El diseño a tres bandas, especialmente cuando cada facción era radicalmente distinta a las otras dos, permitió crear un multijugador muy rico en posibilidades, en el que la habilidad, la táctica y la estrategia de un jugador era puesta al servicio de minimizar los puntos débiles de su bando elegido y maximizar sus puntos fuertes para golpear a su vez a los puntos débiles de su rival, fuera de la facción que fuera.

A pesar de su importancia y relevancia, StarCraft no ha sido una saga extremadamente explotada pese a su nombre. Ha tenido unos cuantos libros que profundizaron en sus personajes y tramas, pero en cuanto a videojuegos no es un nombre que Blizzard haya querido explotar a fondo.

El tiempo y la narración fragmentada

La fragmentación alude esencialmente al potencial imaginativo de un pasaje, cuya narrativa suspendida invita a la indagación a través de su fraccionamiento y ambigüedad. Y aunque siempre hay excepciones, es muy difícil encontrar una obra en la que no exista ningún tipo de fracturación en su narrativa, ya sea por la alternancia de trama o por la manipulación del tiempo en general. Desde algo tan básico como el desarrollo de ciertos apartados, los mecanismos de fragmentación de historias y del tiempo narrativo siguen evolucionando día a día.

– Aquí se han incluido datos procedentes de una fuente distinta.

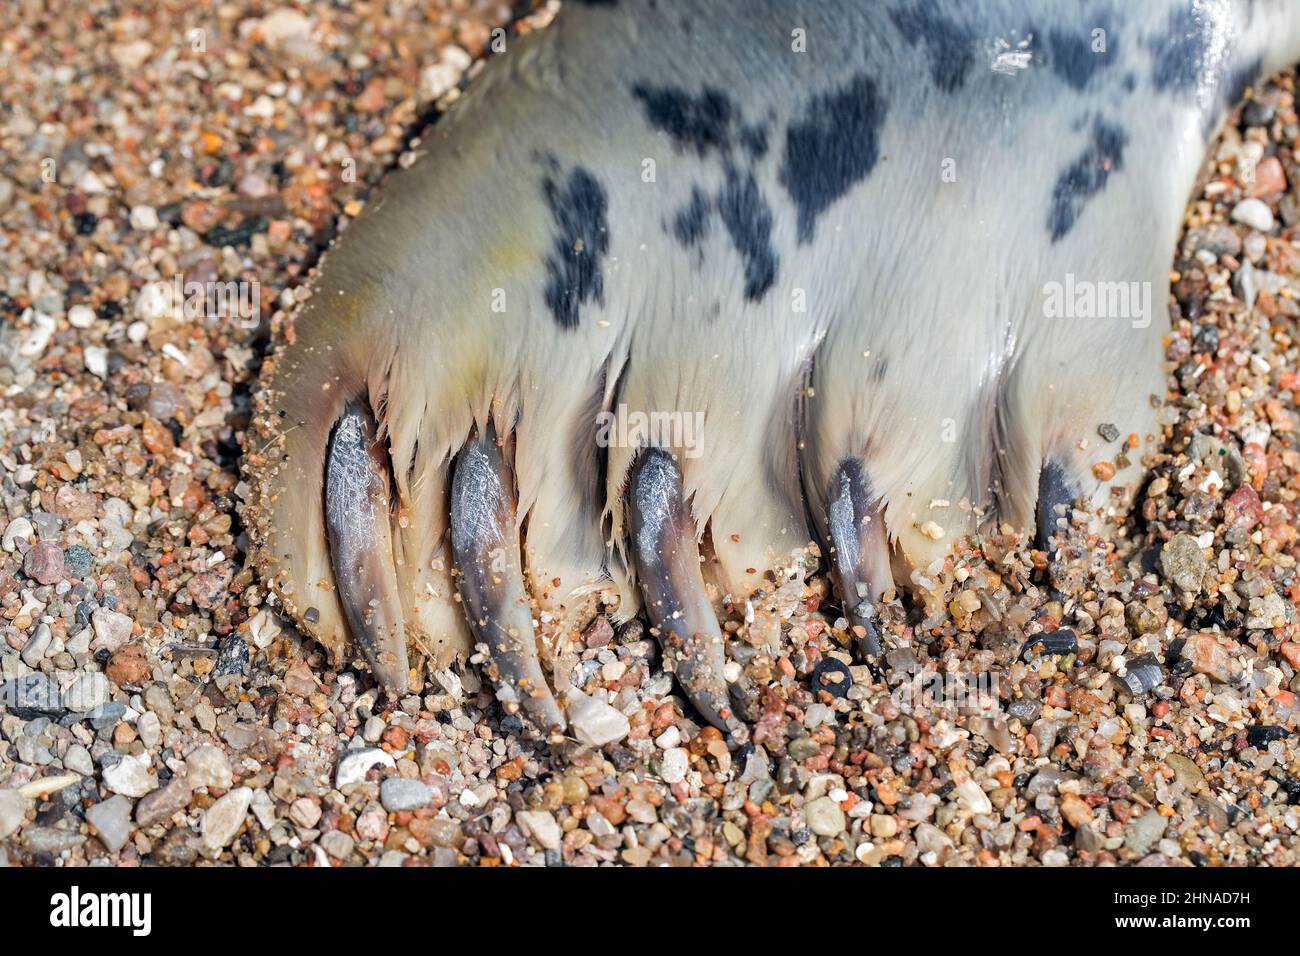 Grey seal / gray seal (Halichoerus grypus) close-up of webbed fore flipper with claws on the beach Stock Photo

El ritmo es esencial a la hora de intercalar diferentes temas y con frecuencia podemos encontrar anacronías derivadas de esa gestión. Desgraciadamente, el gran debe de Blizzard y la saga StarCraft es que abusa demasiado de una narración fragmentada a la par que confusa, sobre todo durante los primeros compases de la misma, es decir, los orígenes de la otrora Blizzard Entertainment. Martín Gamero Prieto compone este ensayo dando constantes saltos en el tiempo atrás (pasado) o adelante (futuro) para acabar explicando los hechos. No son muchas las circunstancias en que algo así puede estar justificado, y por lo general, estos saltos de tiempo en narrativa solo provocan confusión en el lector.

Eso sí, una vez que conseguimos superar ese bache narrativo, nos encontramos con un estudio exhaustivo como pocos. Uno que pone de manifiesto la importancia de una de esas sagas que definió el concepto esports, tan de moda hoy en día; la quintaesencia del juego de estrategia en tiempo real, que tantas alegrías nos dio en las décadas de los 90 y 2000; y la manera en la que Blizzard suele o solía hacer las cosas.

Quién le iba a decir a la Blizzard de entonces, de apenas medio centenar de miembros, que la idea de «vamos a hacer un juego de ambientación espacial» llegaría a estos derroteros. Un ejemplo de la riqueza de un universo transmedia expandido hasta límites insospechados.

Esta reseña ha sido realizada gracias a un ejemplar digital facilitado por Kentinel Studios.